The rider in front waves his arm towards a large, tan foxhound with its nose to the ground. “Look! See, there’s Shepherd, he’s leading the pack!” cries Lieutenant Colonel Ashok Rathor, the dashing honorary secretary of the hunt. (I know this old English foxhound. Seven years earlier, I had a hand in bringing him from the Hurwurth Hunt in North Yorkshire to southern India to add new blood to a dissipating canine bloodline.)
The male riders out in front are all senior-ranking army, navy and air force officers. They are wearing knee-length red hunting coats, made by the “Britishers” and introduced by Captain Godfrey Heseltine in 1907. Rathor assures me his is at least 50 years old. Following behind us in smart, blue blazers, divided into two batches according to their riding ability, are the officers of the military college, their wives and children. The youngest is 11 years old.
The Ooty is the only survivor of the 18 hunts in India listed in Baily’s Hunting Directory before the second world war. The transfer of its management in the 1950s out of private hands to the military college secured its survival.
Among its few civilian supporters is Peter Craig-Jones, a descendant of one of India’s oldest surviving colonial tea and coffee planting families. Craig-Jones’s forebears first landed in the 1700s during the time of the East India Company and “stayed on” after India’s independence in 1947, even taking Indian passports. He has hunted with the Ooty pack since he was a teenager in the late 1960s, although he has been away running an IT-related consultancy in Bangalore for the past 12 years, with little time for riding in the hills. He now hopes to return.

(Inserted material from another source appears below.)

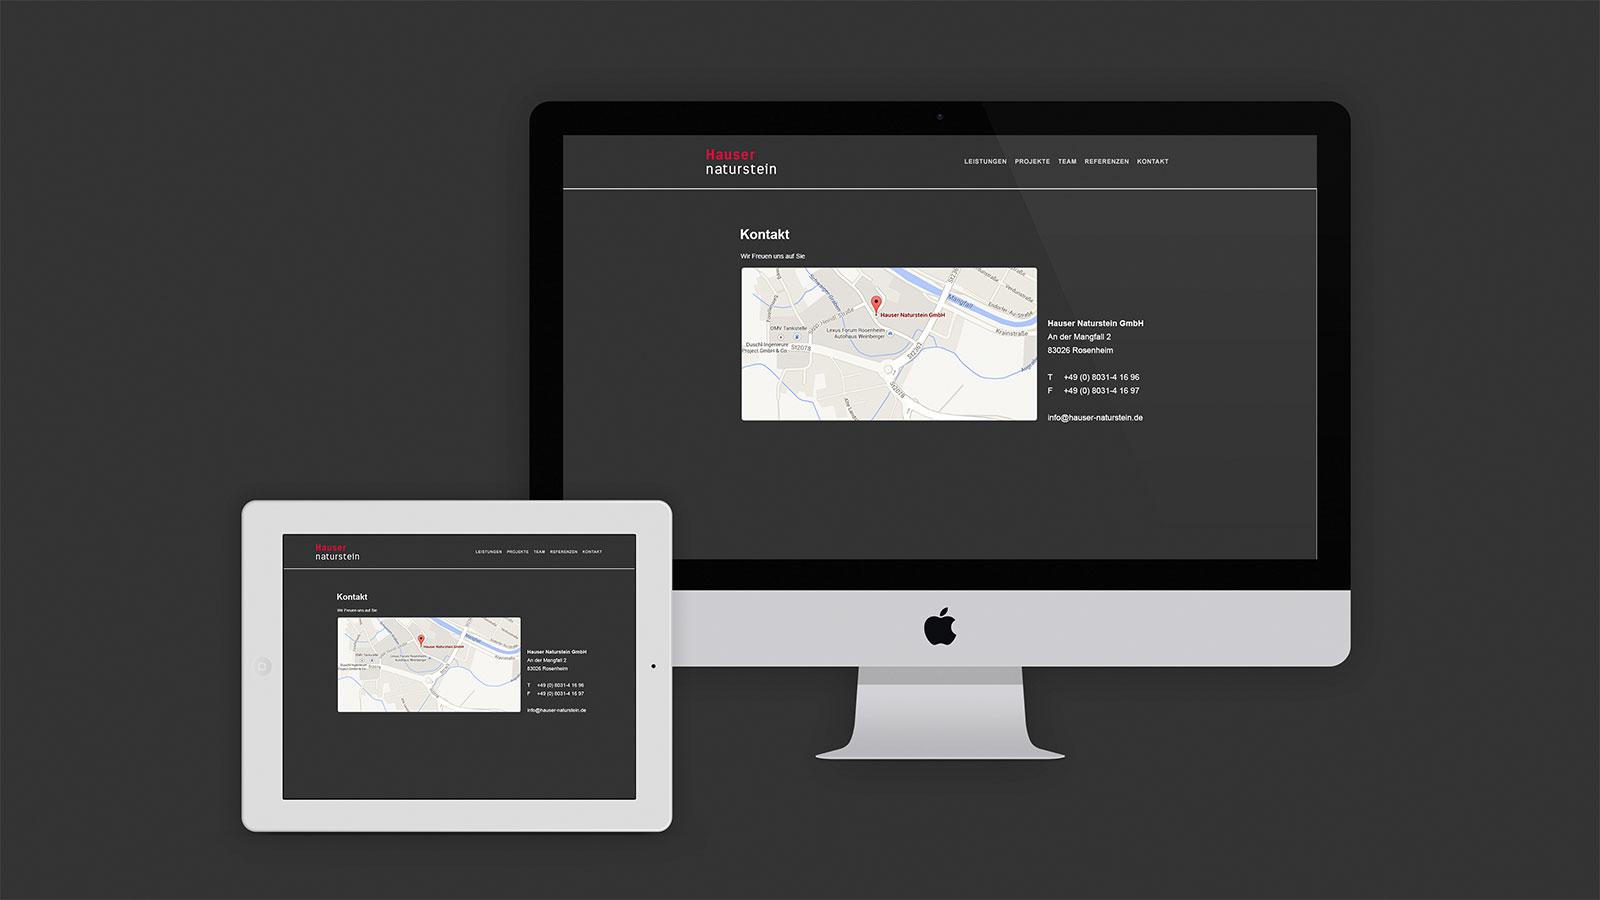 hauser-homepage-6

At the hunt breakfast, Craig-Jones is immaculately turned out in tweed jacket and tie. But he did not ride with us – he was informed at the last minute that neither he nor his guest had received the required military intelligence clearance in time. He remembers thrilling chases through open country before what he calls “dreadful” eucalyptus was planted on the Ooty Downs. He does not remember a kill. “I’ve never been on a hunt ever where they’ve caught a jackal!” he laughs.
This failure was blamed on the inbreeding of the hounds, even as far back as the 1950s when his father was a keen follower. In those days, there was still an English master of the hunt and they were sticklers for correct hunt dress and etiquette. “Now it has changed into something very different,” he says.
During the hunt there is no hint of any scent, no cry of any hound, but it is an enjoyable and fairly bracing two-and-a-half-hour ride. We cross small rivers, jump fallen logs in pine forests, and – the highlight for all – enjoy an exhilarating gallop around lake Kamraj Sagar. As we careen to a halt, a silver haired Major General with a pink flush in his cheeks confides: “First time I’m riding after 30 years ... too much football, muscles have developed in the wrong places.”
We end back on the golf course, pausing before doing a final “gallop-past” the gathered foot followers. A riderless horse charging into view provides a moment of drama. Fortunately, his unseated rider suffered only a twisted ankle. Then, back at the kennels the band of the Madras Regiment greets us with great fanfare. We line up, clutching our glasses, toast the Ooty Hunt, then down our drinks before the ceremonial lowering of the red and green hunt flag.
We retire to the Ooty Club, resplendent with its trophy heads, English hunting prints and a portrait of Winston Churchill. I opt for the mixed bar, rather than the one reserved for “gentlemen”. There are some traditions of the Raj that I can live without.